After Vetoing Voter ID Bill, Pennsylvania Governor Decides to Consider Reform

Posted: Jul 26, 2021 2:00 PM
After Vetoing Voter ID Bill, Pennsylvania Governor Decides to Consider Reform

Source: AP Photo/Marc Levy

In an unexpected twist last week, Pennsylvania Gov. Tom Wolf (D) implied that he could work with his state’s Republicans to pass stricter voter identification legislation.

“I’m sure, out there, is a reasonable voter ID solution to say…you need to show that you should be voting here,” Wolf said in an interview with The Philadelphia Inquirer last Tuesday. “And I’m fine with that. The formula in [the Republican bill], in my mind, was not it.”

The bill Wolf referenced, formally known as House Bill 1300, was passed by the Republican-controlled Pennsylvania House of Representatives on June 23. Among other measures to ensure the integrity of state elections, it would have required voters to present a form of ID every time they go to the polls.

However, Wolf vetoed HB 1300 a week later, claiming in his veto statement that its enactment would “threaten to disrupt election administration, undermine faith in government, and invite costly, time-consuming, and destabilizing litigation.”

Just weeks after the veto, Wolf’s remarks were met with surprise from the Pennsylvania GOP, including HB 1300’s main sponsor, Rep. Seth Grove (R-York). Grove criticized Wolf for not reaching a compromise and blamed his administration for the breakdown of election reform.

“I’m dumbfounded,” Grove told the Inquirer. “I’m literally dumbfounded … This entire issue is on his administration being unwilling to come to the table and have discussions on elections.”
Despite actions that clearly show Wolf is against voter ID expansion, the governor clarified his position last Thursday by accusing its proponents of voter suppression.

“I'm willing to have a conversation about voting reform,” Wolf said. “But if you’re trying to suppress the vote, that’s just a nonstarter for me.”

Wolf joins President Biden, Stacey Abrams, and other prominent Democrats in his opposition to universal voter ID laws. The party has long argued that such laws are racist tools of voter suppression, but the truth is that voter ID remains popular among the American public.

A Monmouth University poll conducted last month found that 80 percent of Americans support requiring a photo ID to vote.
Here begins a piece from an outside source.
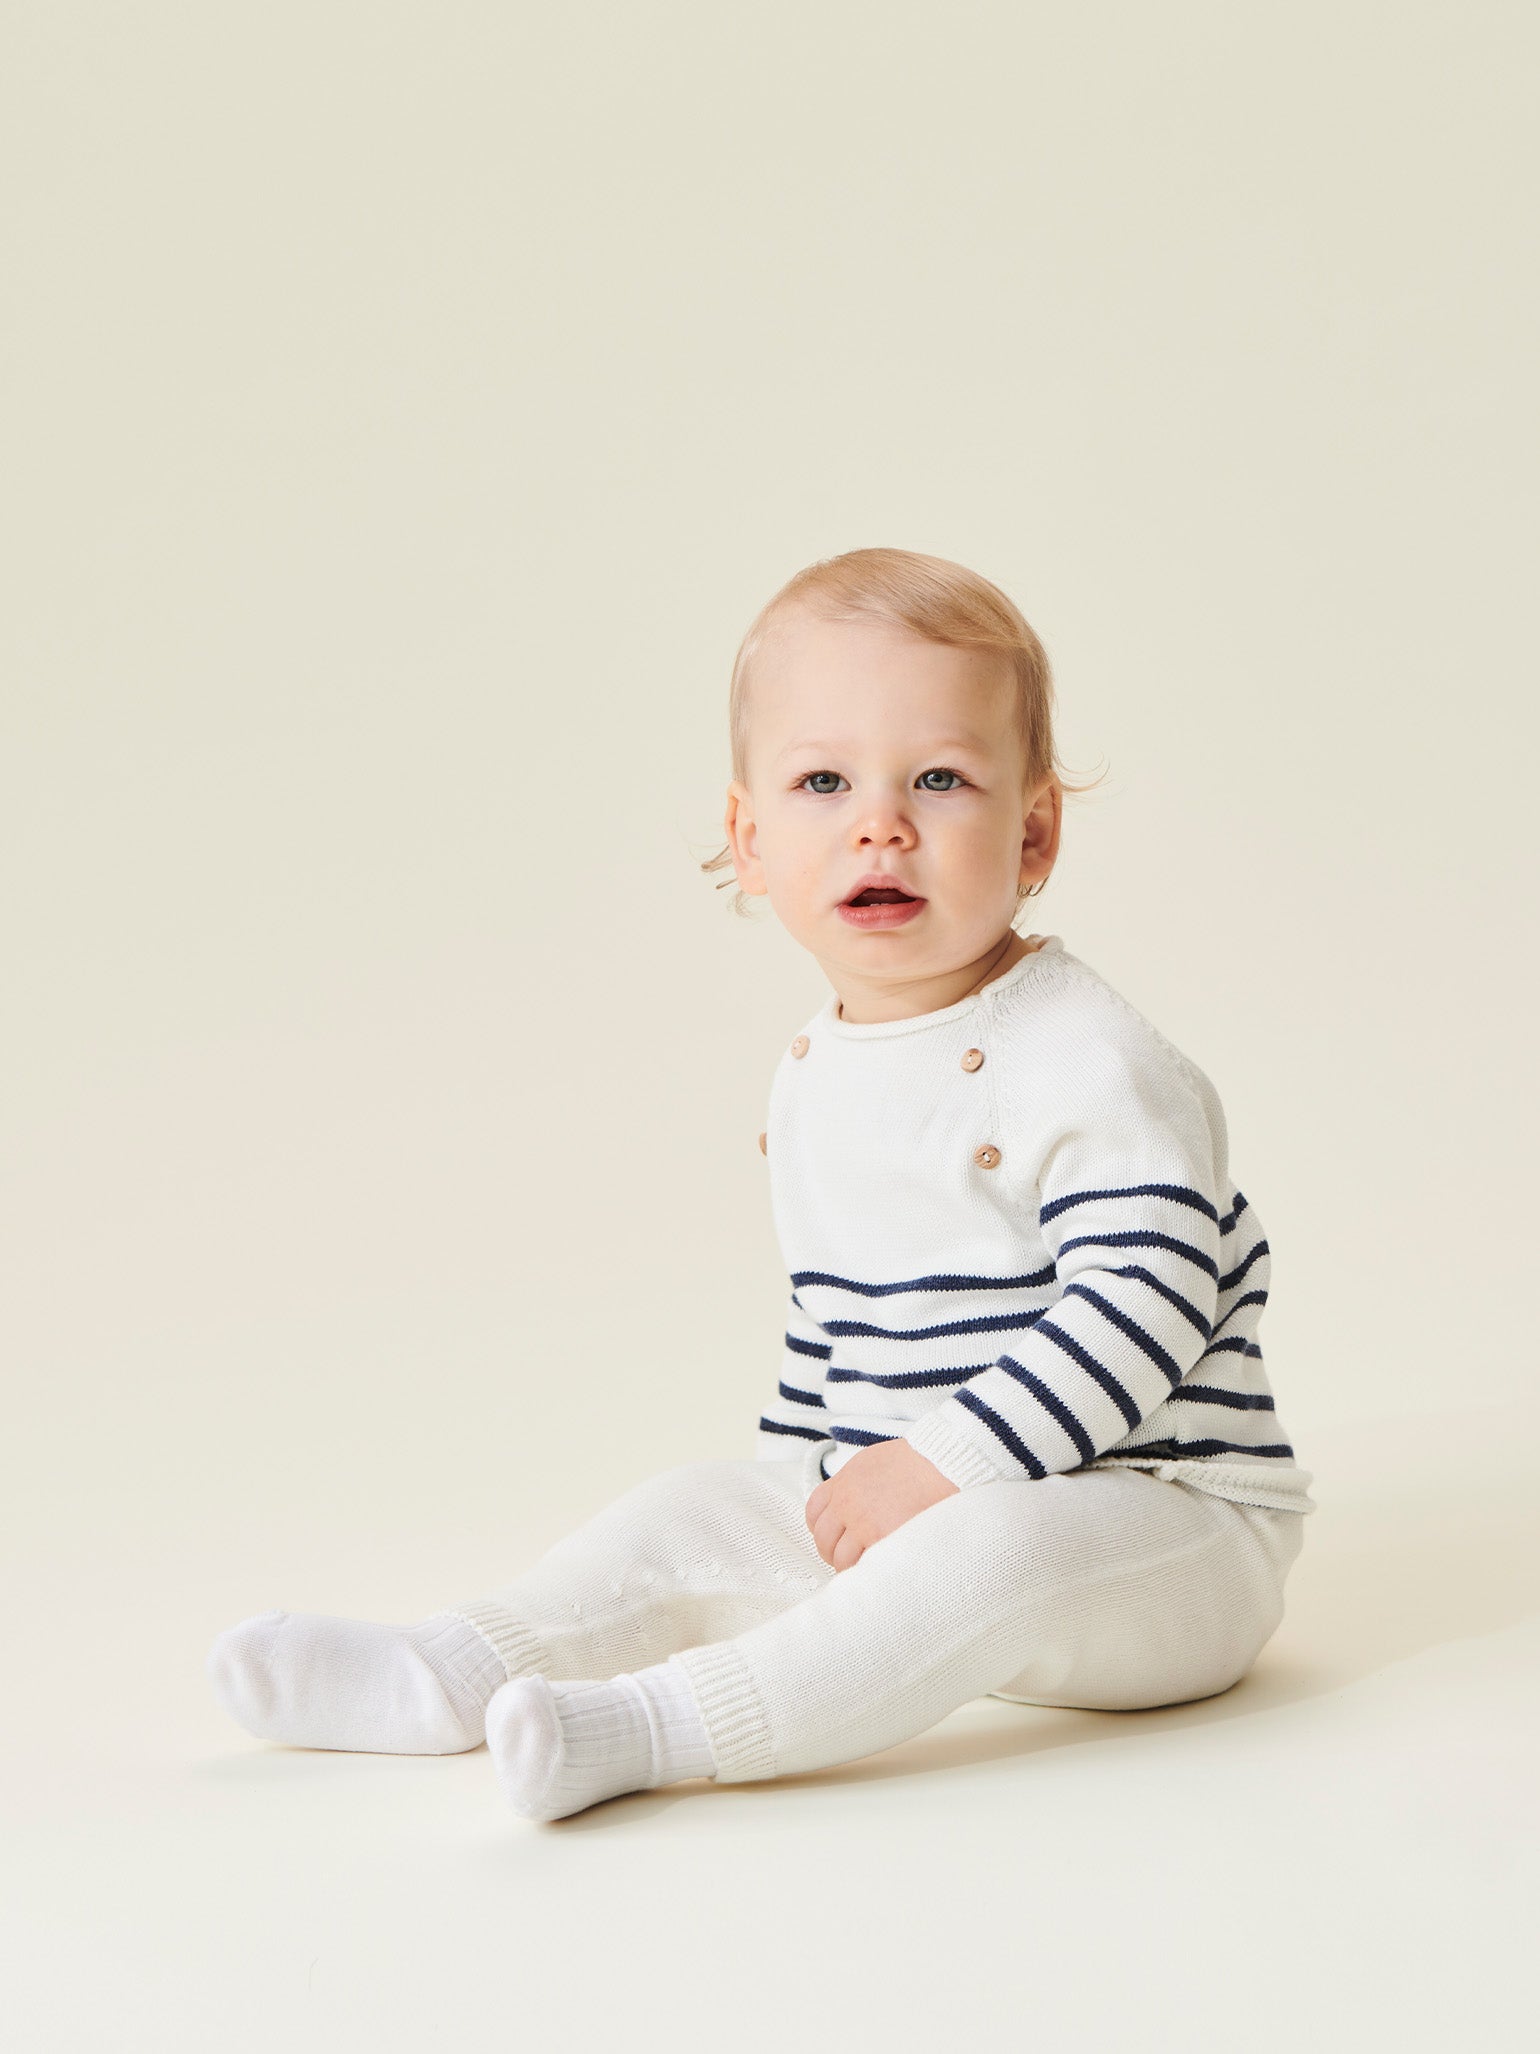 Blue Stripe Monda Cotton Baby Knitted Set

Interestingly, this figure is greater among minorities (84 percent) than white voters (77 percent).

Any serious discussions about elections in Pennsylvania should certainly mention the 2020 presidential election. Joe Biden defeated Donald Trump by a margin of just 80,000 votes in the Keystone State (1.17 percent of the total votes cast), and the post-election counting of thousands of mail-in ballots was enabled by a controversial state Supreme Court decision last September.

The United States Supreme Court upheld this election results last October, paving the way for Biden’s victory in November. Spearheaded by state Sen. Doug Mastriano (R-Franklin), Trump allies in Pennsylvania are pushing for a full election audit in the state.

Pennsylvania’s election laws currently require voters to present an ID upon their first time voting at a new polling location. A previous GOP effort to expand the voter ID requirements was blocked by the Pennsylvania Supreme Court’s Applewhite decision in 2014.